AIM OF THE EXERCISE:
Copying nothing before it, reproduce the line that holds "acier forgé, plateau en marbre" and every line after it in the data, exactly.

(Data entries)
──────────────────────────────

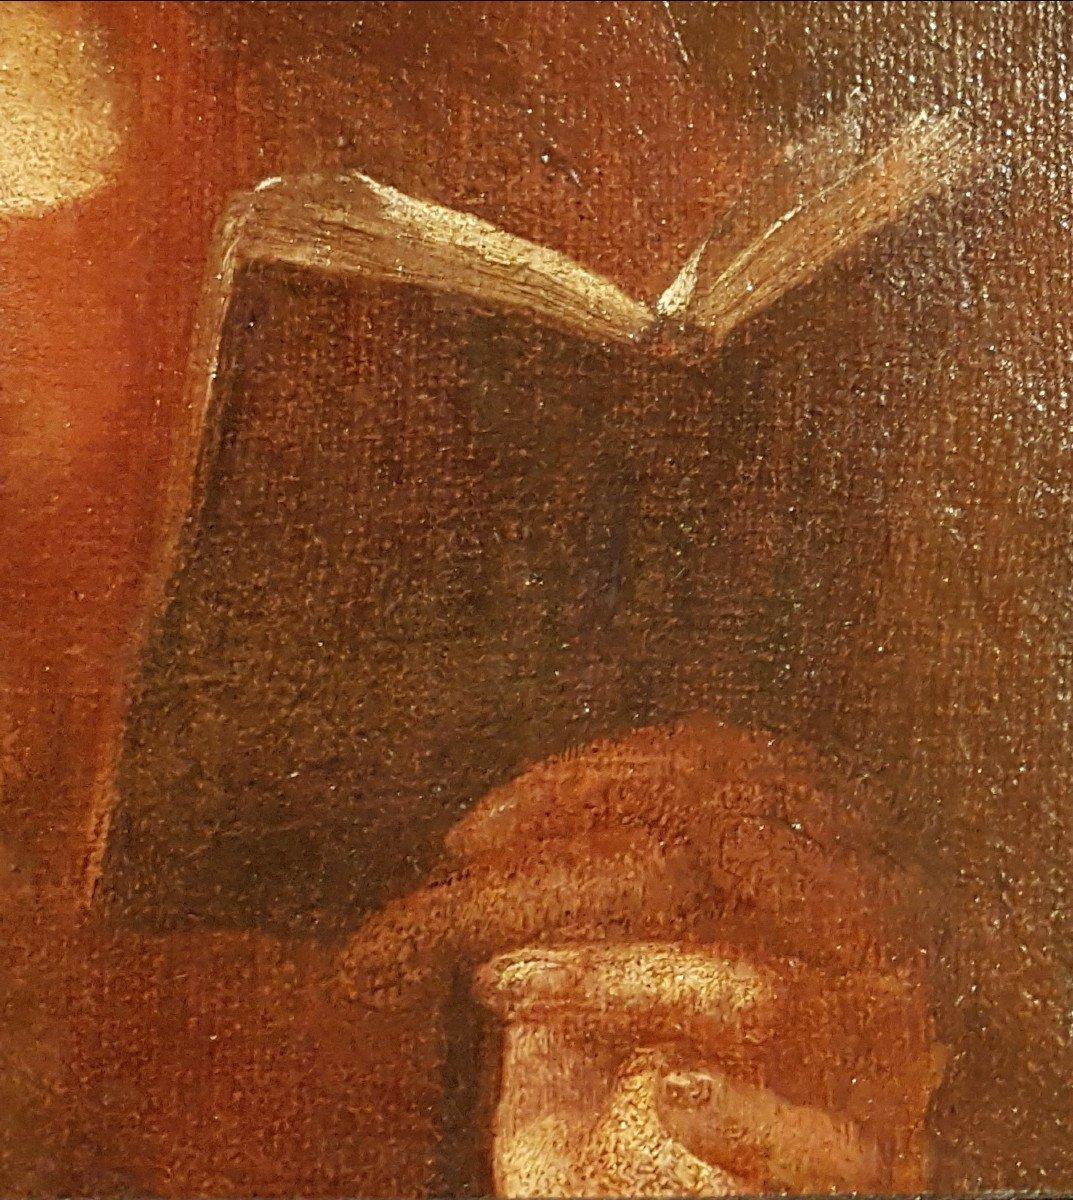 Giovanni Battista PIAZZETTA (Werkstatt von) Venedig, 1683 - Venedig, 1754 Öl auf Leinwand 48 x 38,5 cm (64 x 58 cm mit dem Rahmen)

Piazzetta malte eine Reihe von 
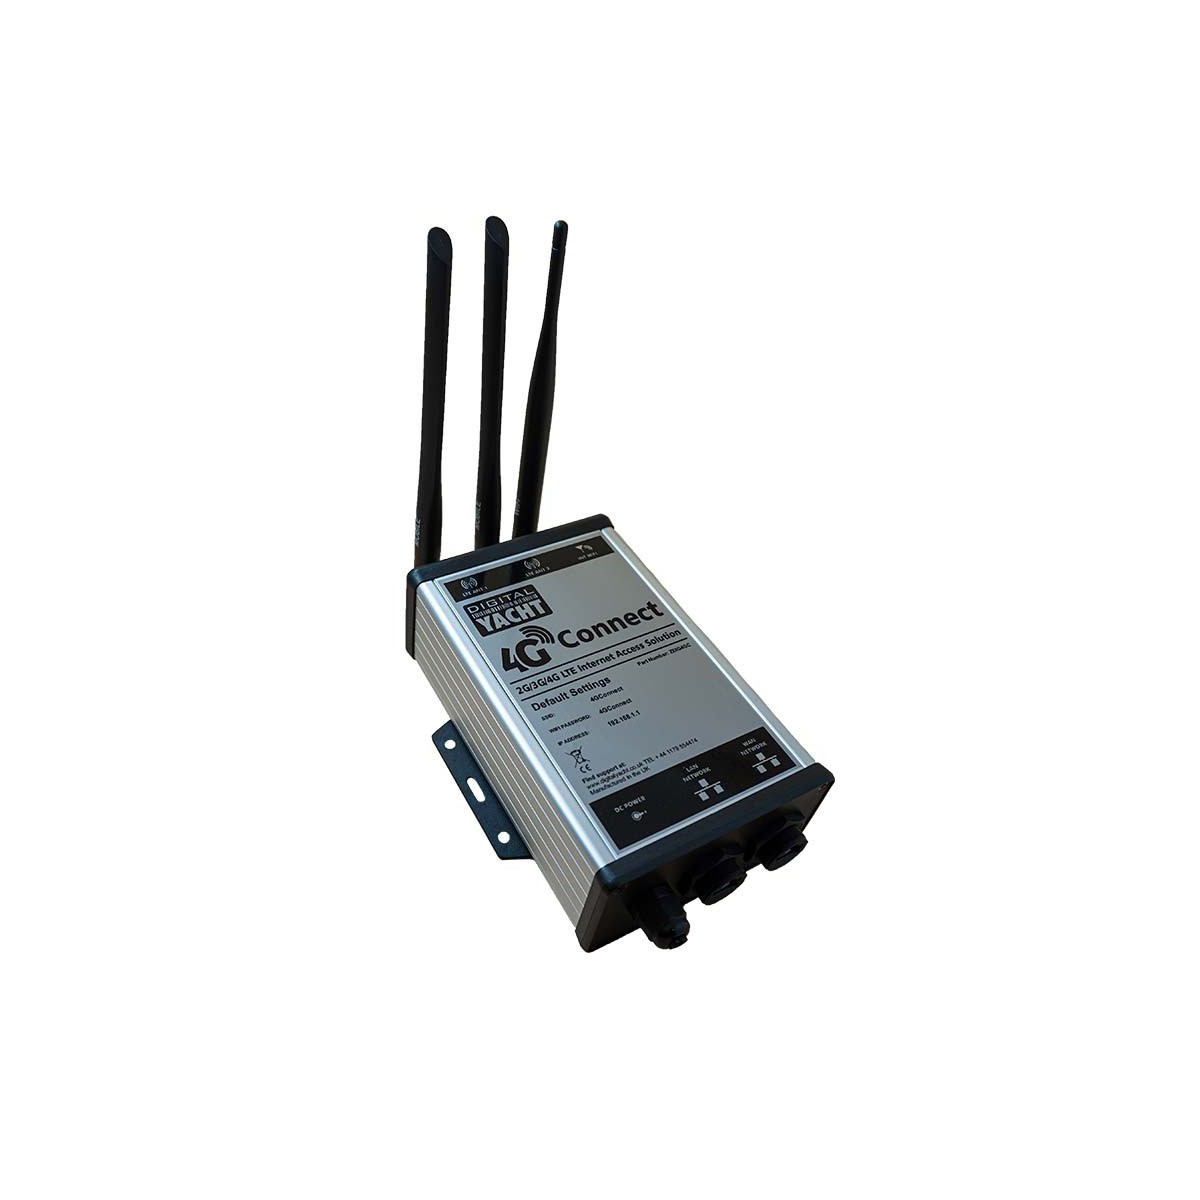 Digital Yacht Routeur 4G Connect 2G/3G/4G/LTE ZDIG4GC - Comptoir Nautique
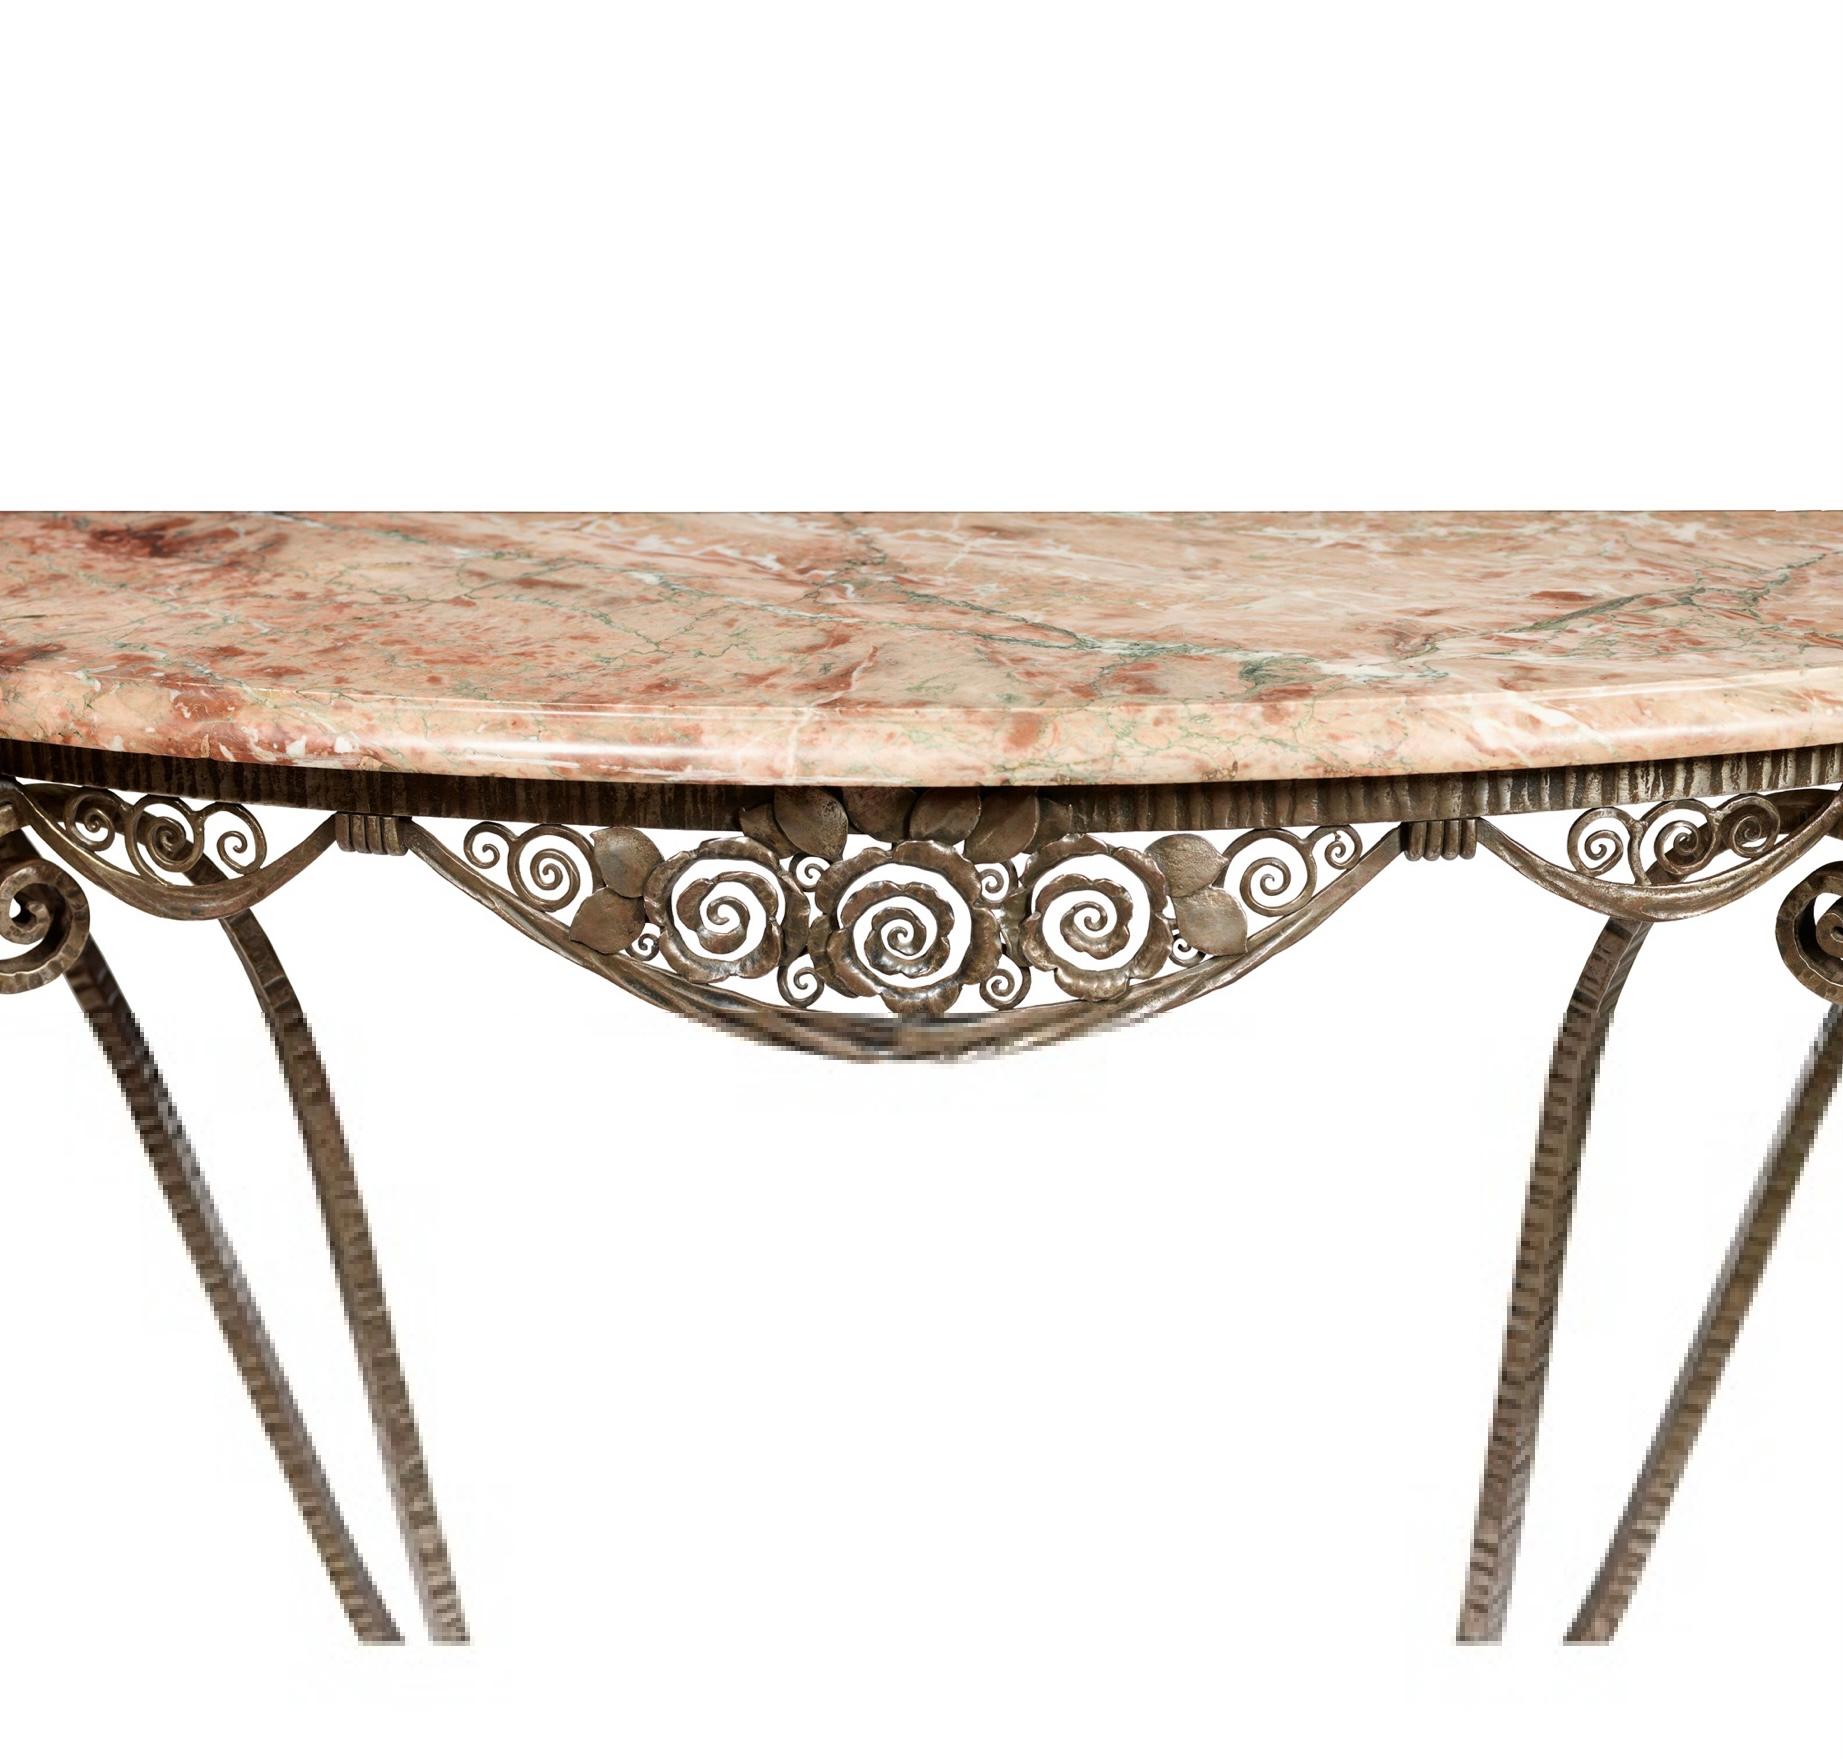 Table console ''Simplicité'' par Edgar Brandt (1880-1960) 
vers 1925
acier forgé, plateau en marbre
Dimensions : 150.5cm de large, 87.5cm de haut, 45.5cm de profondeur

──────────────────────────────

YOUR RESPONSE:
acier forgé, plateau en marbre
Dimensions : 150.5cm de large, 87.5cm de haut, 45.5cm de profondeur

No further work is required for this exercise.